The A20 gate would affect both real and protected mode, so to be truely compliant, you should be opening it even for a protected mode OS. It was originally a purely hardware hack forcing an address line(A20, or the 21st address line) to stay low, thus "wrapping" addresses from 1mb-2mb to 0-1mb, so it would have affected real or protected mode identically. On modern hardware, there is a chance that A20 is (against the accepted spec) default open, or possible not implemented.
> On modern hardware, there is a chance that A20 is (against the accepted spec) default open, or possible not implemented.

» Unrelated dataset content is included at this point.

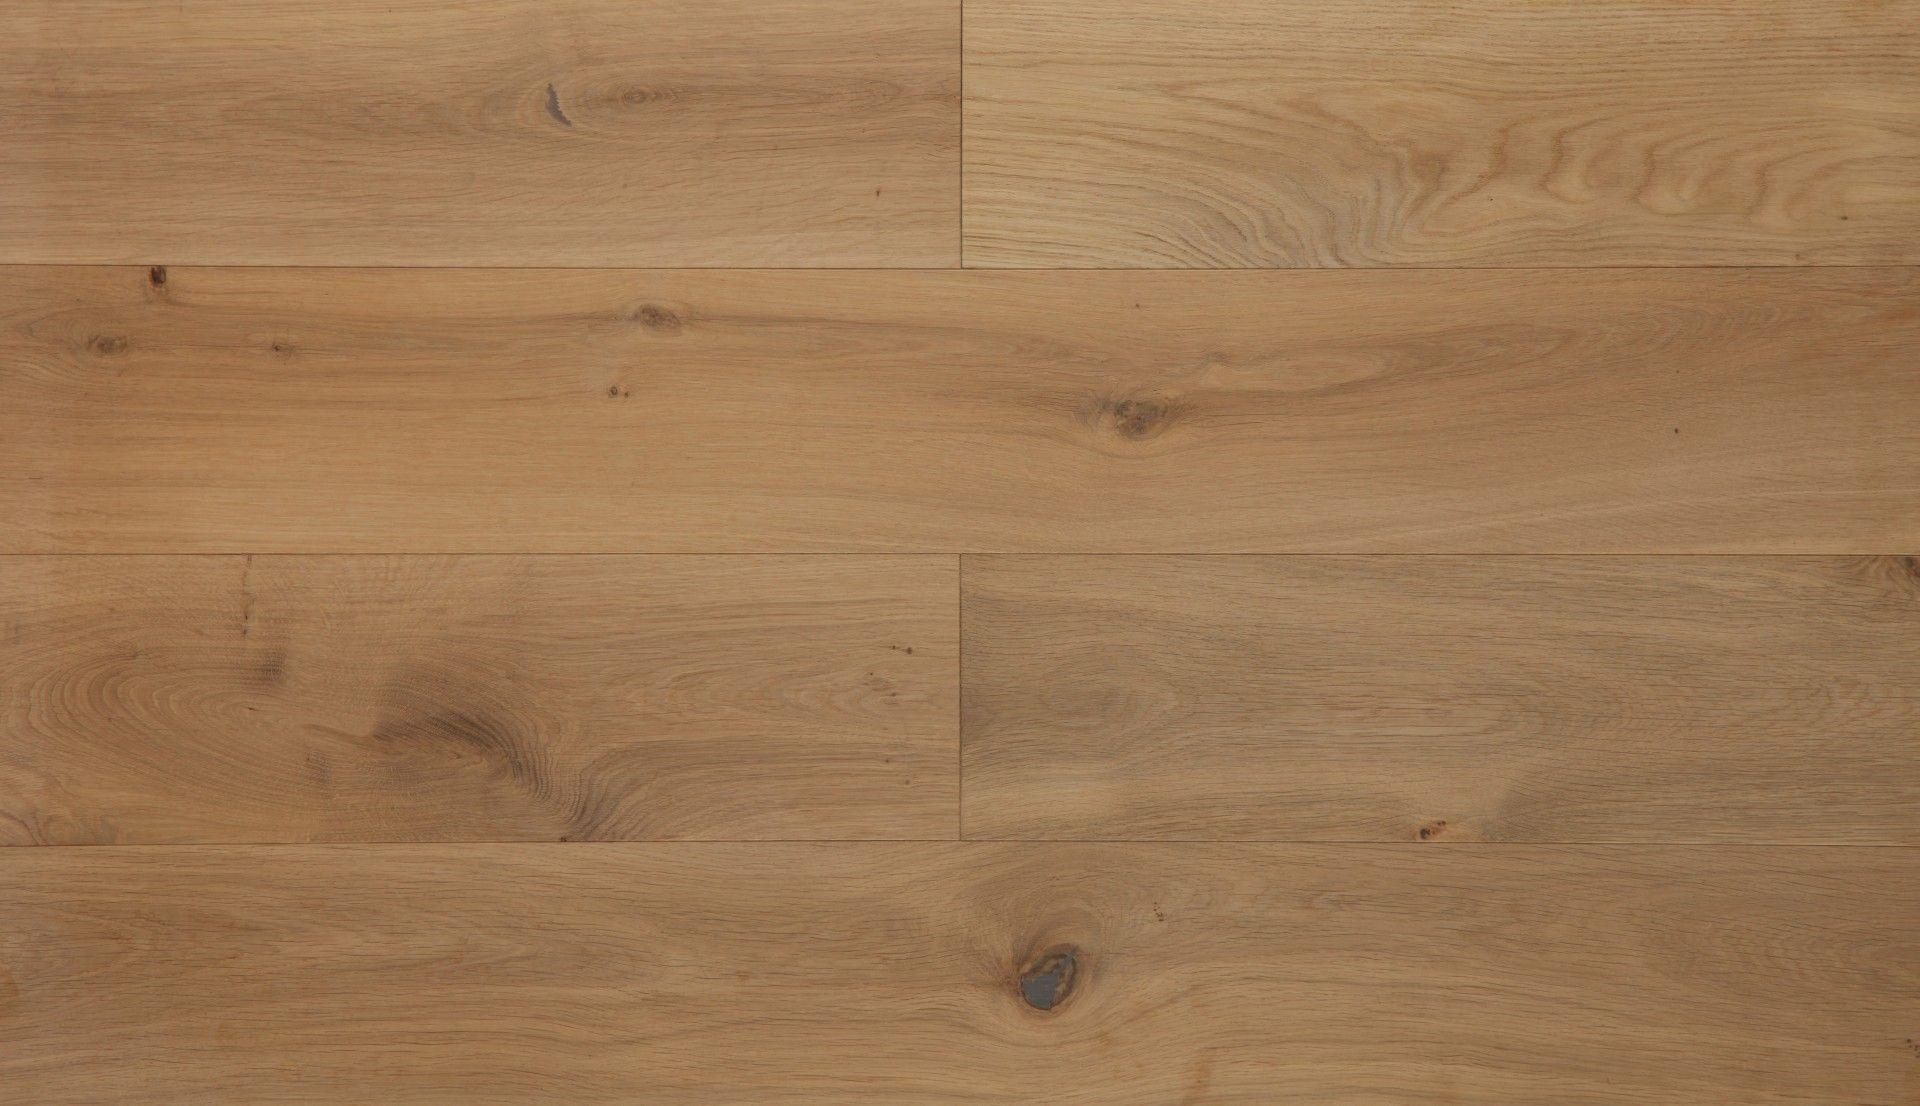 Rusticalna - deski z sękami, naturalne przebarwienia.

To nitpick on this a little bit (consider it as a polite supplement):
In Intel® 64 and IA-32 Architectures
Software Developer’s Manual
Volume 3 (3A, 3B, 3C & 3D):
System Programming Guide
in section
8.7.13.4 External Signal Compatibility
one can read (emphasis by me):
"A20M# pin — On an IA-32 processor, the A20M# pin is typically provided for compatibility with the Intel 286
processor. Asserting this pin causes bit 20 of the physical address to be masked (forced to zero) for all external
bus memory accesses. Processors supporting Intel Hyper-Threading Technology provide one A20M# pin, which
affects the operation of both logical processors within the physical processor.
The functionality of A20M# is used primarily by older operating systems and not used by modern operating
systems. On newer Intel 64 processors, A20M# may be absent.".
TLDR: The accepted spec is that A20M# might not exist.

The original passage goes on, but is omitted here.